Input material:
***

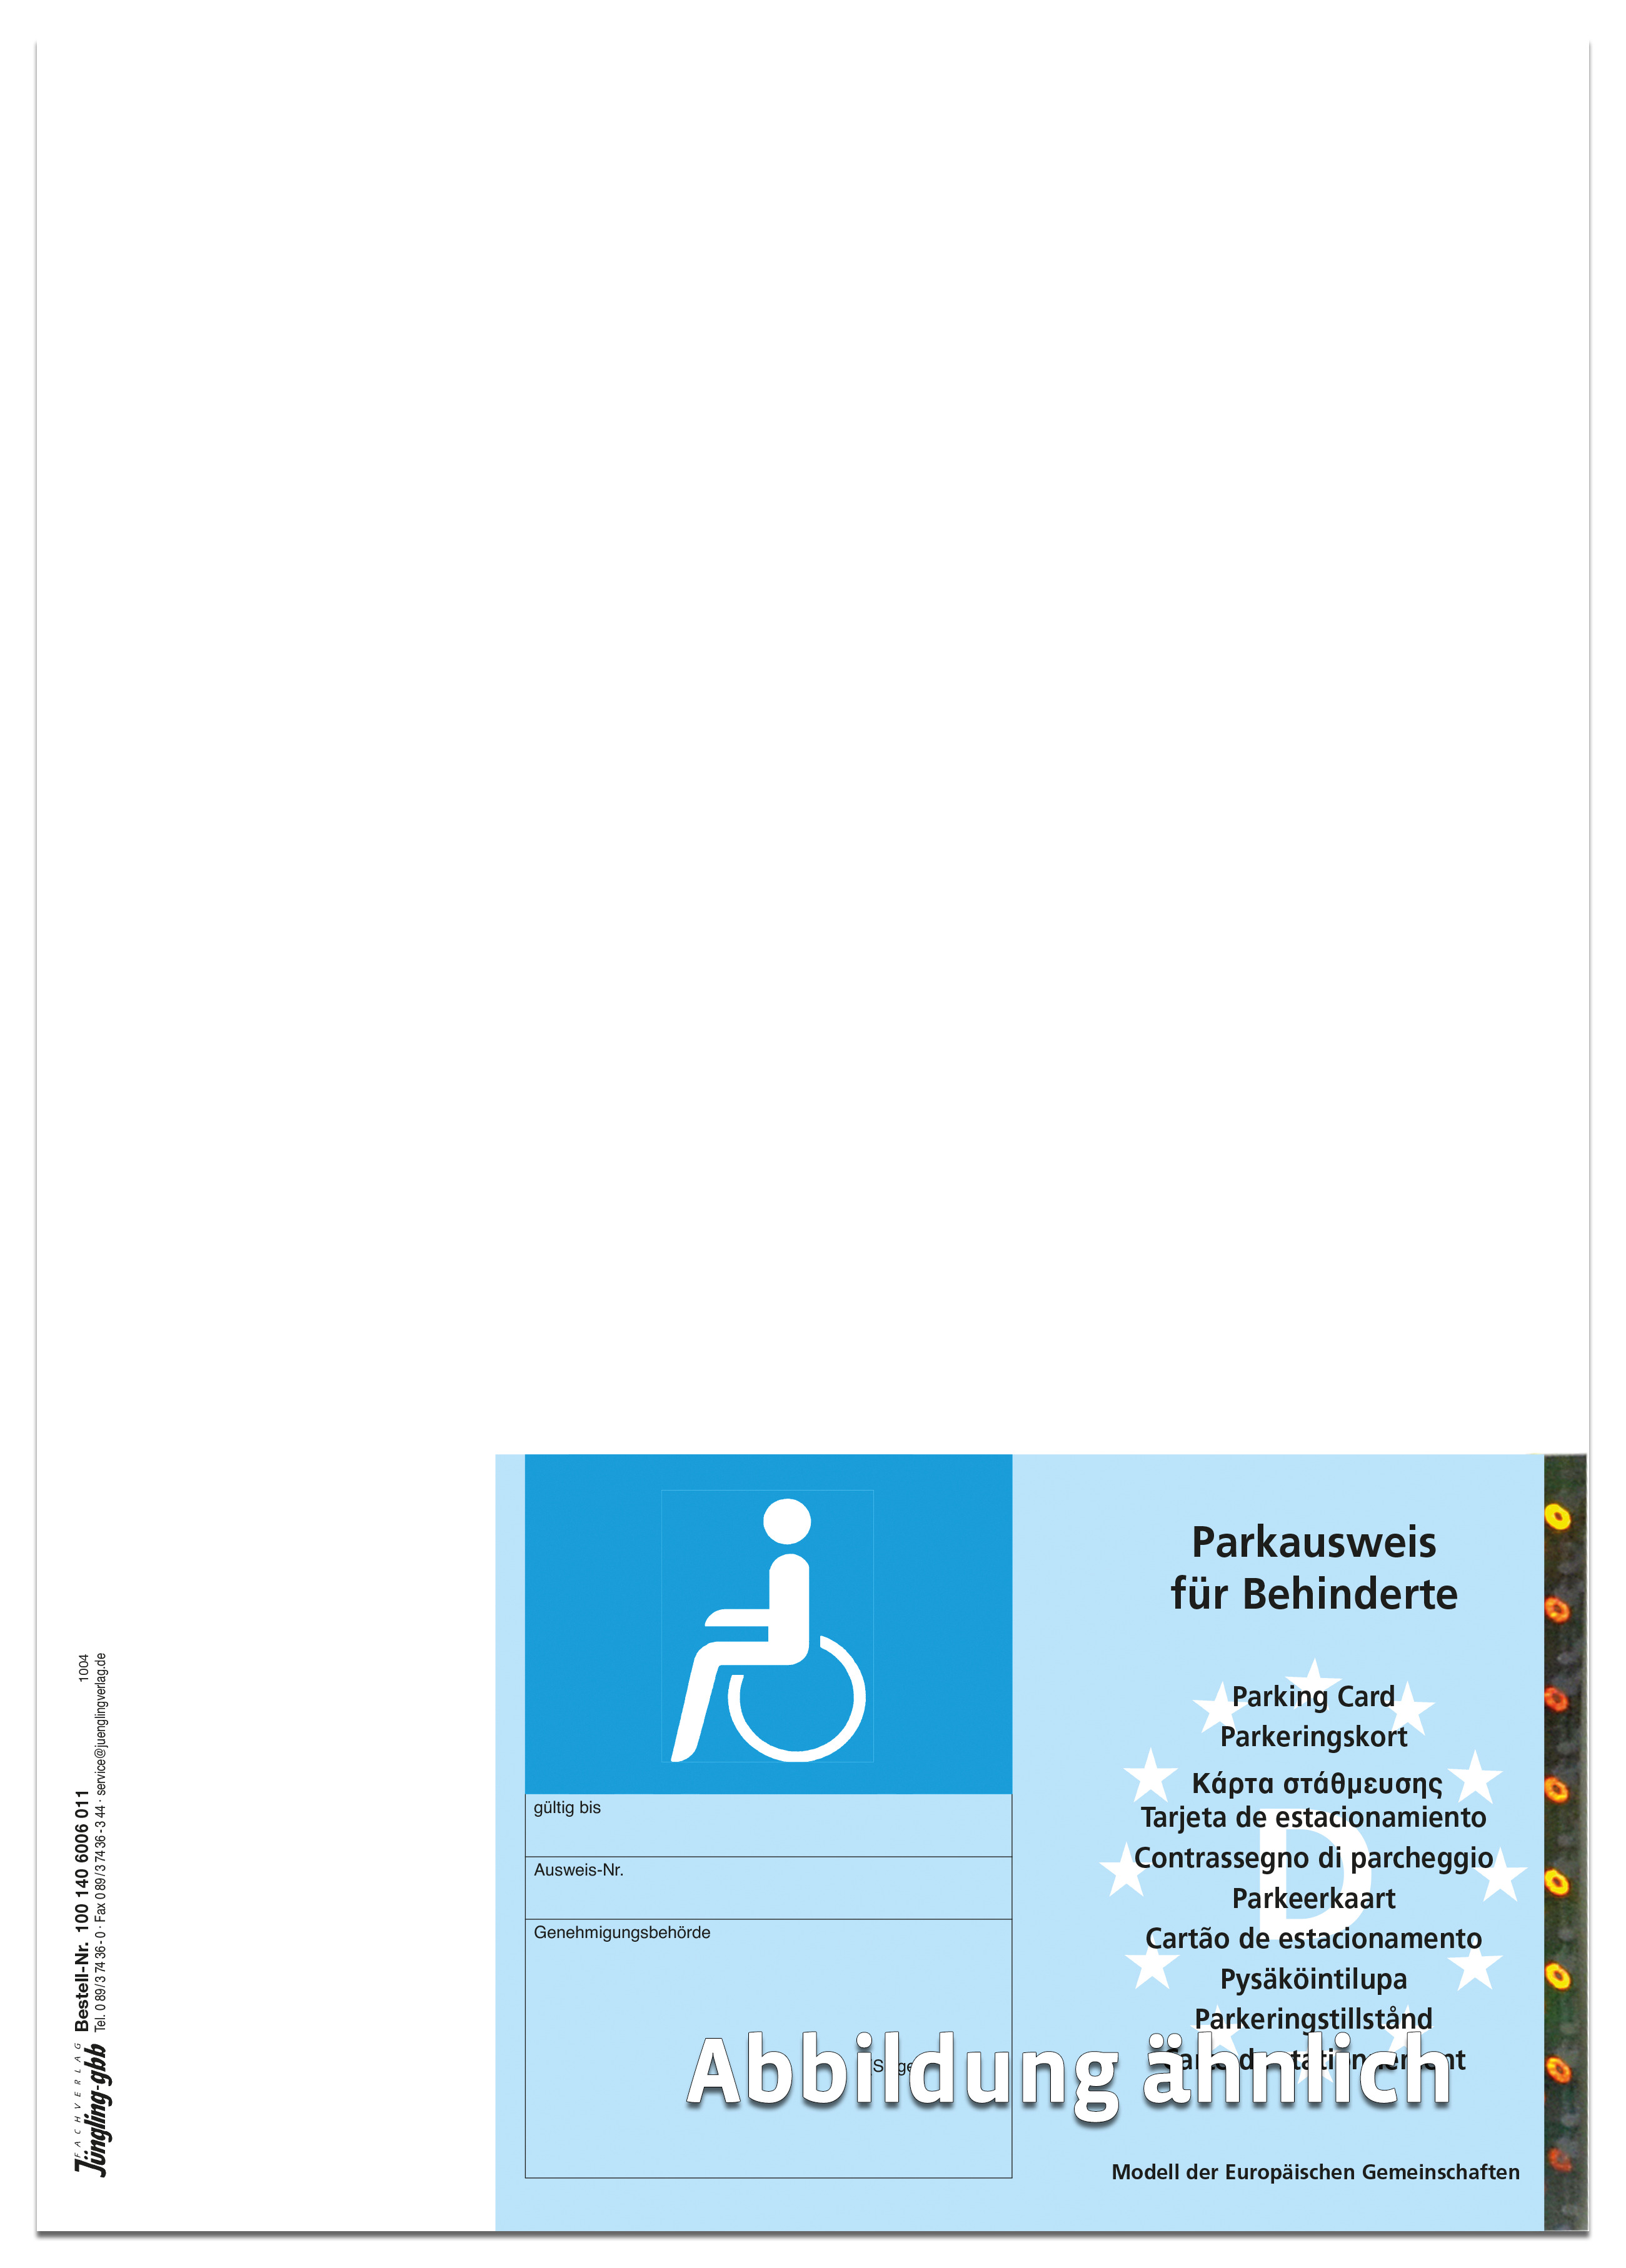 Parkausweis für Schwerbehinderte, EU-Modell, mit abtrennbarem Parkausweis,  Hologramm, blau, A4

***

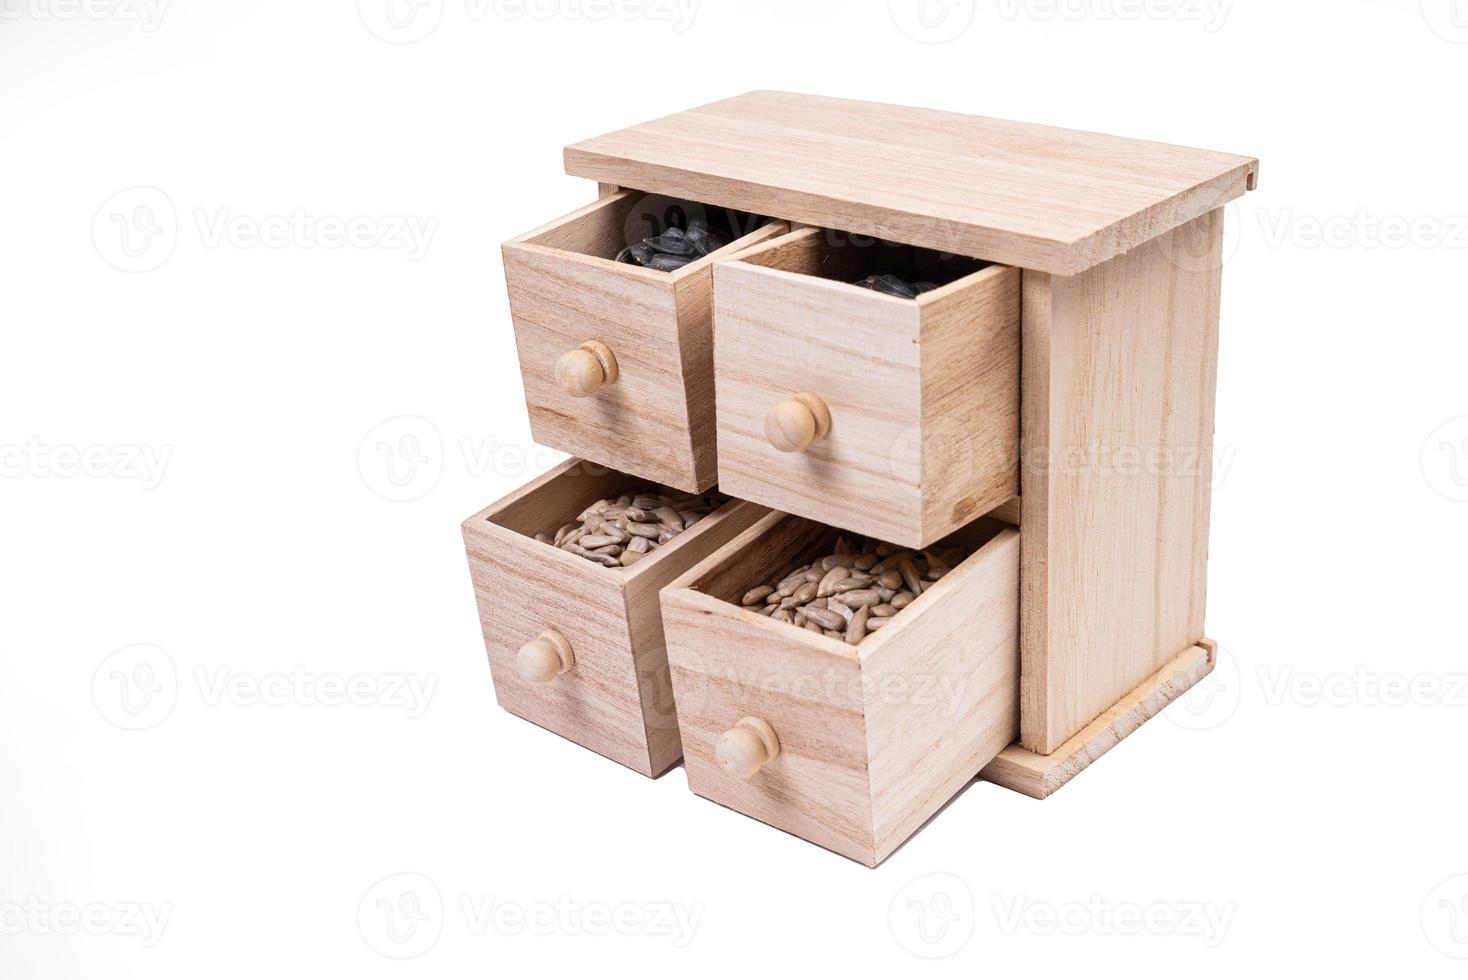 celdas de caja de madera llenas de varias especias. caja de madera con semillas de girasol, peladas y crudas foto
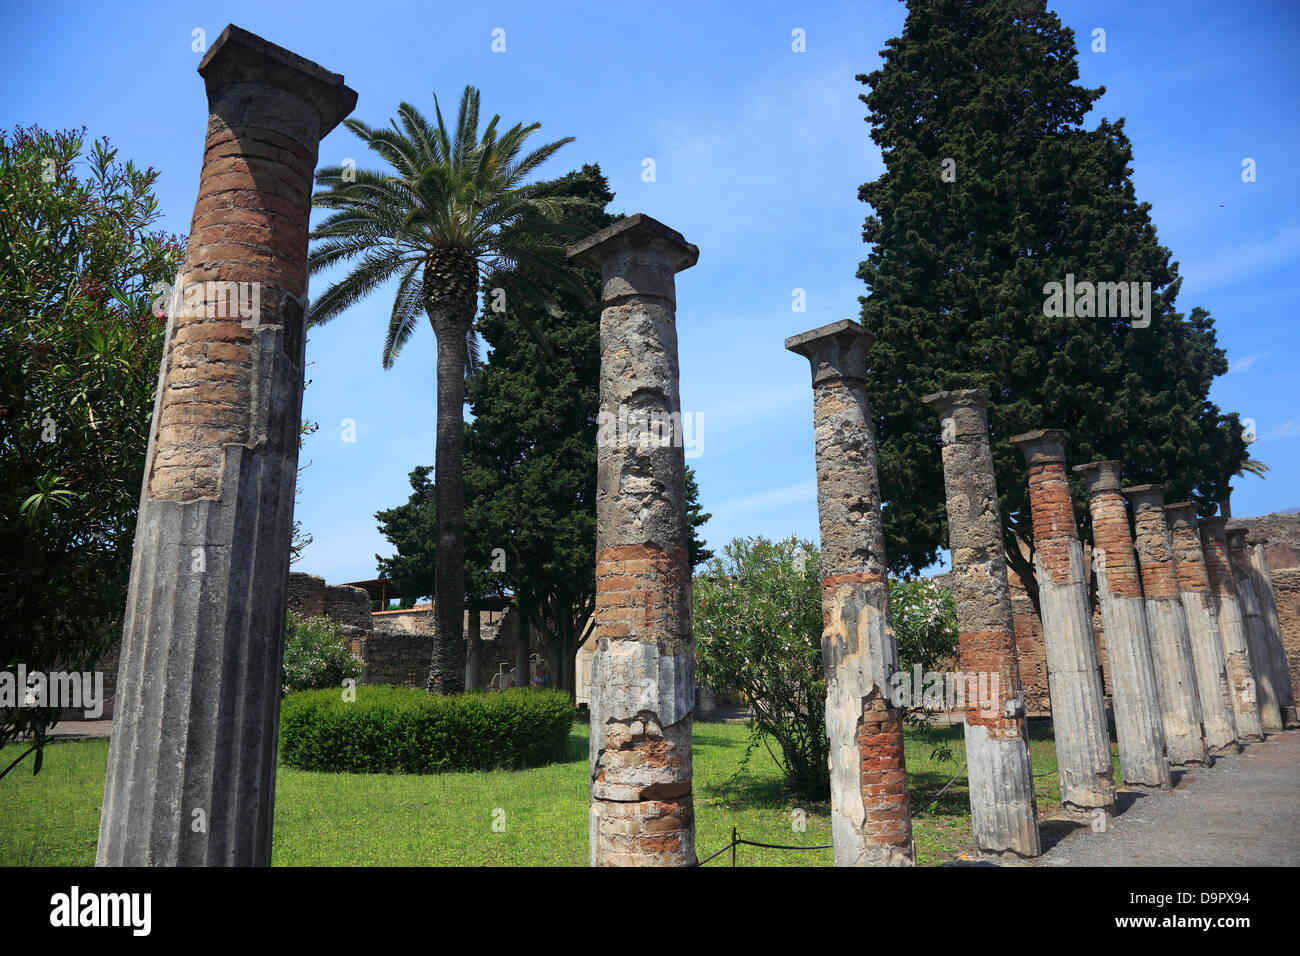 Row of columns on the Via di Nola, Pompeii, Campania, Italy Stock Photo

***

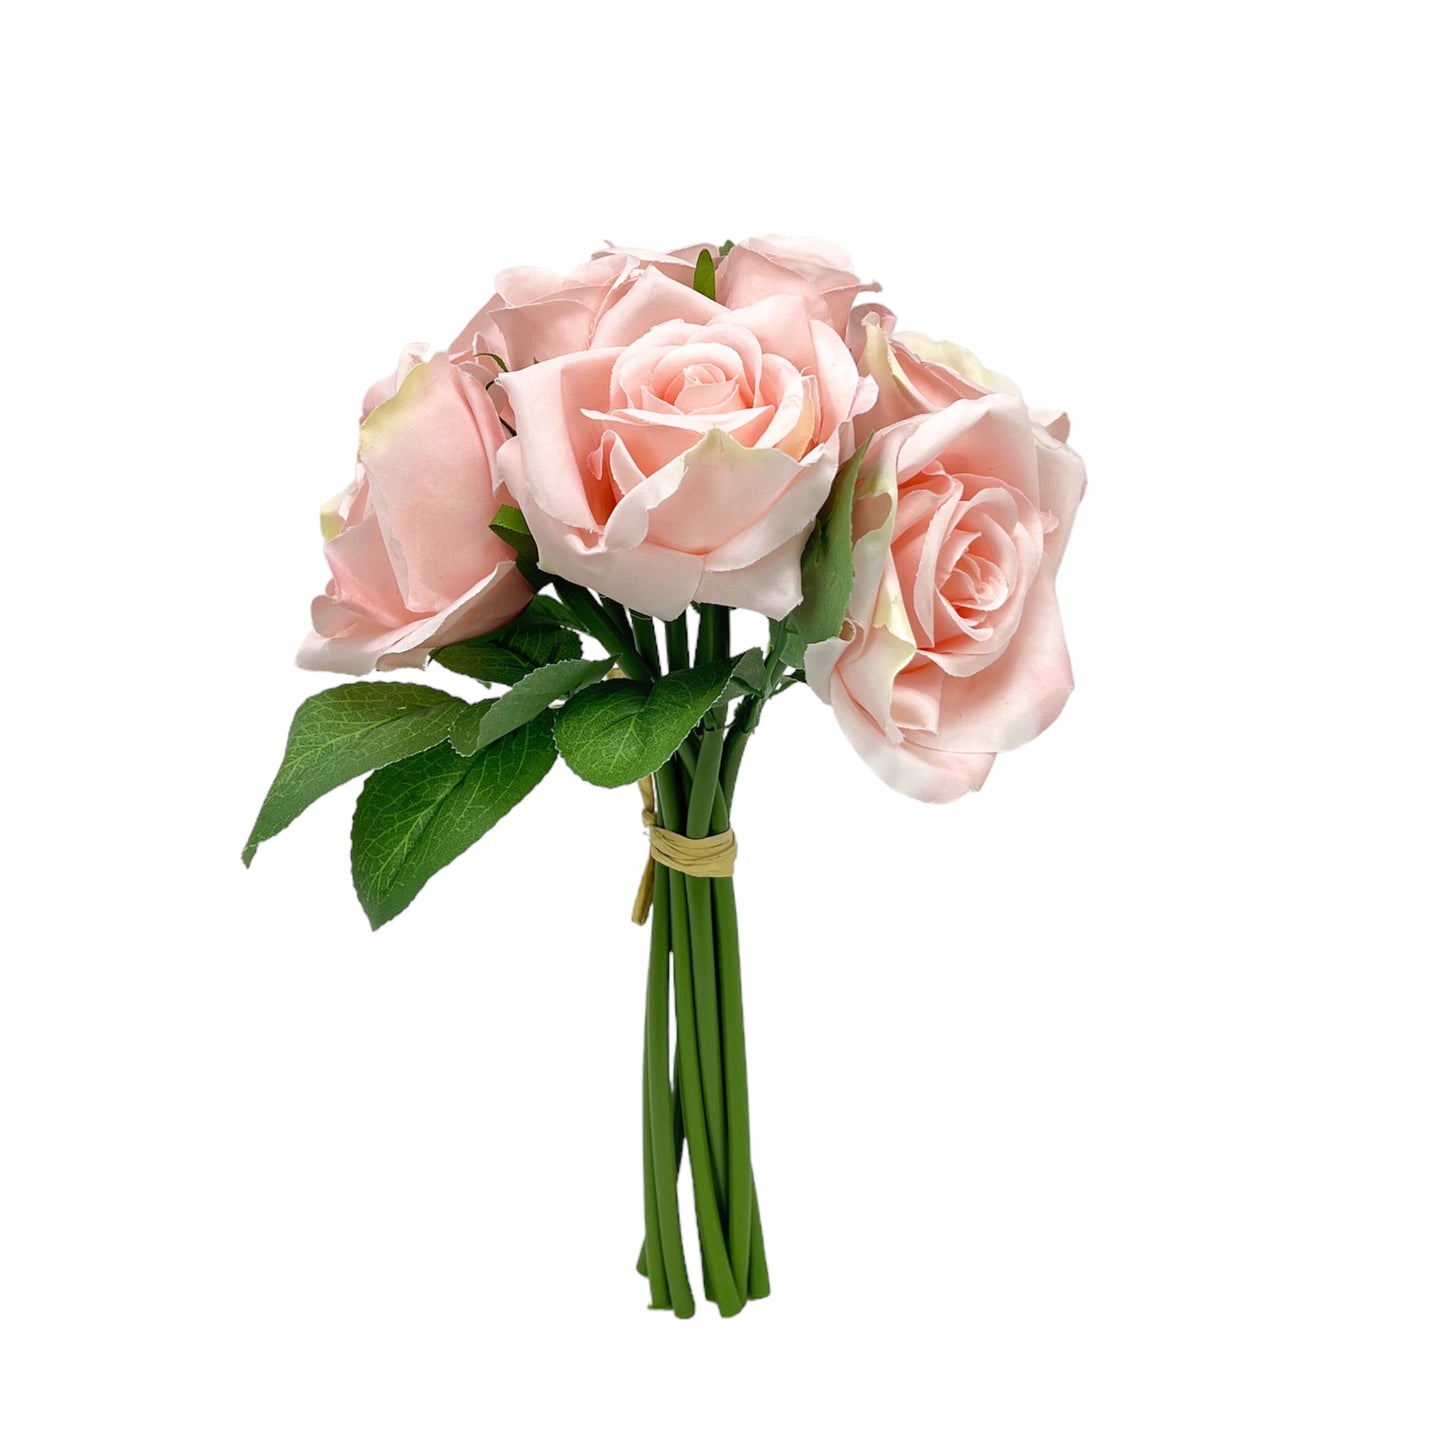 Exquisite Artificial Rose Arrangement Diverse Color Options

***

Assignment:
In the entries above, find the line that contains "celdas de caja" and the line that contains "Row of columns". Reproduce exactly those two lines and every line between them, but not the pictures.

Problem solution:
 celdas de caja de madera llenas de varias especias. caja de madera con semillas de girasol, peladas y crudas foto
 Row of columns on the Via di Nola, Pompeii, Campania, Italy Stock Photo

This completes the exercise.